1. Where is safe to drill a hole for the tube heater mains cable?
2. What's the best way to drill a hole big enough for the cable gland (pictured on the shelf). It's about 10mm in diameter and bigger than my biggest drill bit. Would you file, buy a holecutter or buy a massive drill bit?!
3. Does the setup look reasonable? I have the probe coming in through the drain (plenty of room left over for drainage).

Picture of my fridge:
DzSty5B.jpg


if the link doesn't work it's uploaded to imgur forward slash DzSty5B

For people building their own fridge (sorry it's preventing me from multiple URLs because I'm a new user)...
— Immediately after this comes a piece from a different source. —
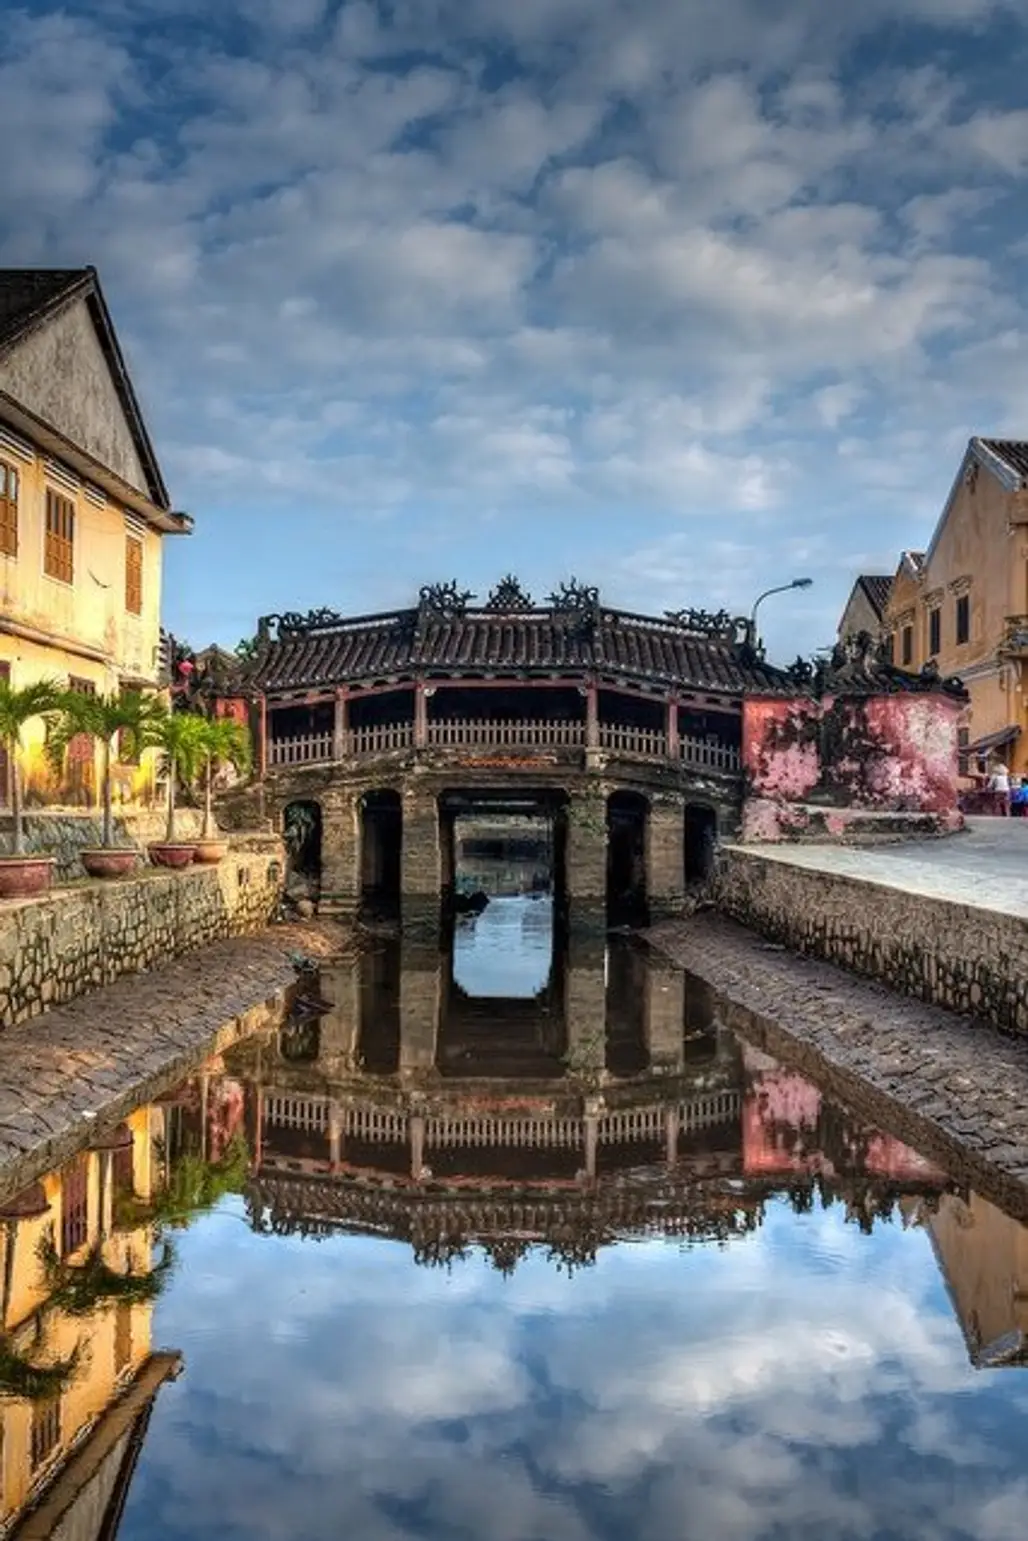 Japanese Covered Bridge,reflection,landmark,town,river,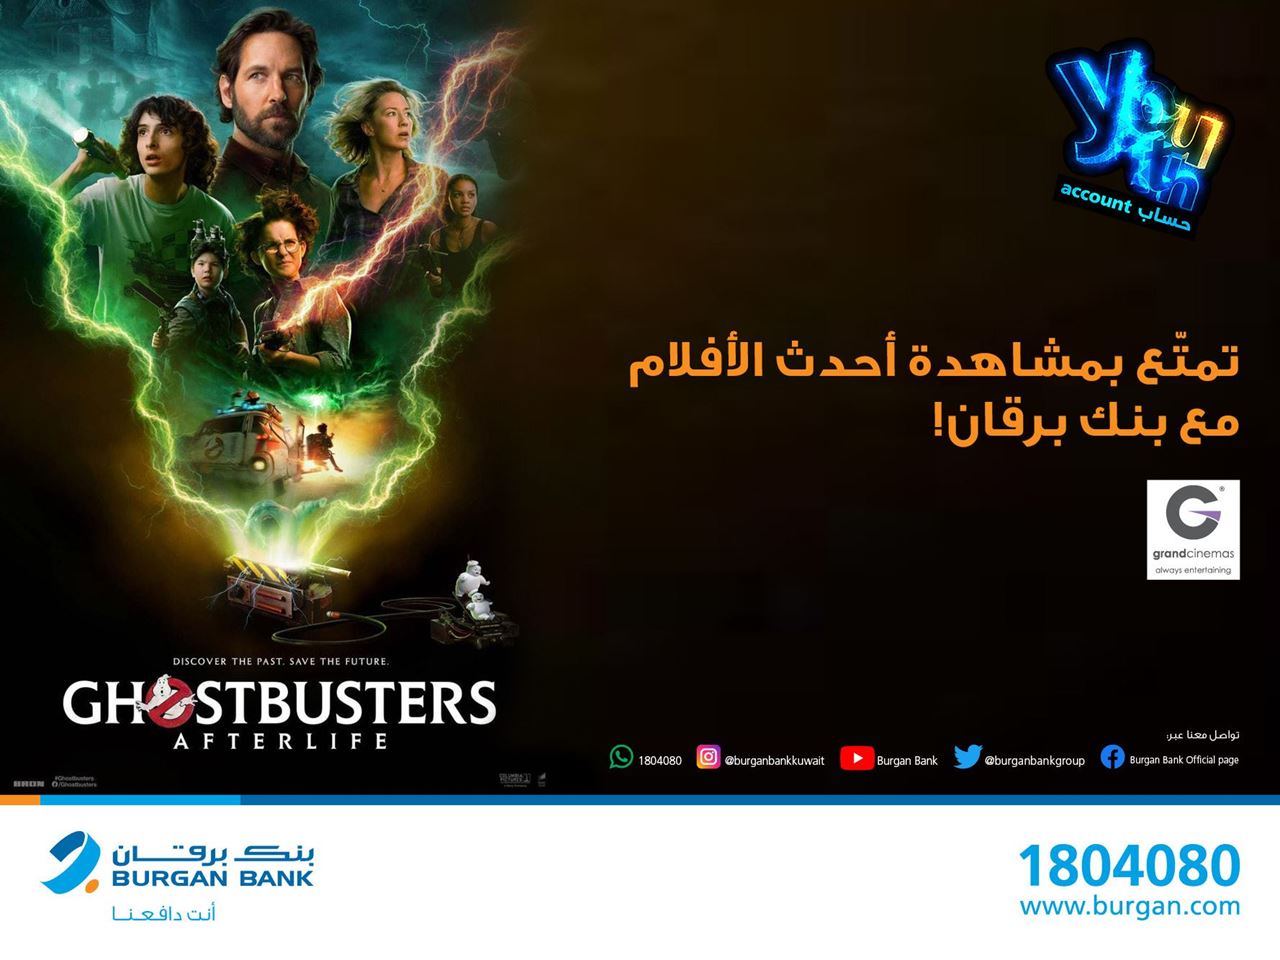 بنك برقان يدعوا عملاء حساب“Youth” للشباب لحضور العروض الحصرية لفيلم "Ghostbusters" مجاناً

I built the shelf myself from leftover ceiling joists (drilled and countersunk guide holes, glued and screwed together with long wood screws).
I bought safety goggles for the drilling. Definitely a good idea.
Bought a pre-wired STC-1000 from thermofix/cedaronics
Bought the 60W tube heater from toolstation and mounted it to the shelf
Fridge £30 from East Dulwich Forum.


Thank you

CC
 
Dont bother drilling holes for the cables, you will probably hit on or two of the internal coolant pipes that run in between the walls and back.
The door seal is good enough to trap the heater cable in place when you shut the door hard.
Not perfect but very adequate.

PD
 
on my fridge i ran the heater power cable through the hole u have ran the temperature probe and then run the temperature probe through the door seal
 
I'm on the lookout for a cheap fridge as this is the next thing in my list.

Looks good if mine looks that good will be happy
 
It was worth taking time to make that solid shelf. The glass one wouldn't last long. Measured it carefully and it's perfectly flush with the plastic over the compressor.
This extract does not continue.